* **Problem**
Copy each line below in which the word "Images" occurs.

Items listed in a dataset
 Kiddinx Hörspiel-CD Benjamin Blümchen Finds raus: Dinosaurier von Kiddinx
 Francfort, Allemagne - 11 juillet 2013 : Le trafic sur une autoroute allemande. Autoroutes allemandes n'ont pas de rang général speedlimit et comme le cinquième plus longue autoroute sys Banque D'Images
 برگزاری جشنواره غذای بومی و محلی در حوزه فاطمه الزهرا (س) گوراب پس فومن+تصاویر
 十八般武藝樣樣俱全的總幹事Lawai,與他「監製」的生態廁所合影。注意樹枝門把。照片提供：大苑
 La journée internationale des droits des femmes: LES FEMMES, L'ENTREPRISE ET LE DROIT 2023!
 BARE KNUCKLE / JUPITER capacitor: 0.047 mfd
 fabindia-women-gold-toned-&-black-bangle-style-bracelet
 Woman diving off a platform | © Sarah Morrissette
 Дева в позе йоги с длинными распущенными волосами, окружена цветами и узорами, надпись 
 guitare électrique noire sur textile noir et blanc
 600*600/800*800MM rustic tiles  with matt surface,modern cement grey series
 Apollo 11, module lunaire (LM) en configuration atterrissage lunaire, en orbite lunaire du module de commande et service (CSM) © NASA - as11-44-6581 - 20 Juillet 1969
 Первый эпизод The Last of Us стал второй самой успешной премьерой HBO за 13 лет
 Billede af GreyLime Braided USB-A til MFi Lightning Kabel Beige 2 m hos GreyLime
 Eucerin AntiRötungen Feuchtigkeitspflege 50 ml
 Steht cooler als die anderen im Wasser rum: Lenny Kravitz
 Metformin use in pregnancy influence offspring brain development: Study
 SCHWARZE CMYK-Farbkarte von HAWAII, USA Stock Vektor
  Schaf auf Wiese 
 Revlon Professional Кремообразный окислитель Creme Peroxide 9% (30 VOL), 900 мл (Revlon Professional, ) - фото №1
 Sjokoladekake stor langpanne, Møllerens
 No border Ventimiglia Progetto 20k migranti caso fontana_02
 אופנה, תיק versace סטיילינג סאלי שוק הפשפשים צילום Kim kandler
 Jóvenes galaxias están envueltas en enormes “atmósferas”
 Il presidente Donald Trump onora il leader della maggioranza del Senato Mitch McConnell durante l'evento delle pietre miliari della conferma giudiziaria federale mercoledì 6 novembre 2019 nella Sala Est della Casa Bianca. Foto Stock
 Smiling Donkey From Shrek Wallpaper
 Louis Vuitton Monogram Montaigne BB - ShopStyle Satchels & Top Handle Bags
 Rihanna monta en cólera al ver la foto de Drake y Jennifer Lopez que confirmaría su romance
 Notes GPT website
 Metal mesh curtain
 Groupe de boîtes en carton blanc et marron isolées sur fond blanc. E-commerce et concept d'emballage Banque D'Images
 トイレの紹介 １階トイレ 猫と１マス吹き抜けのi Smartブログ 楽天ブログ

* **Answer space**
 Francfort, Allemagne - 11 juillet 2013 : Le trafic sur une autoroute allemande. Autoroutes allemandes n'ont pas de rang général speedlimit et comme le cinquième plus longue autoroute sys Banque D'Images
 Groupe de boîtes en carton blanc et marron isolées sur fond blanc. E-commerce et concept d'emballage Banque D'Images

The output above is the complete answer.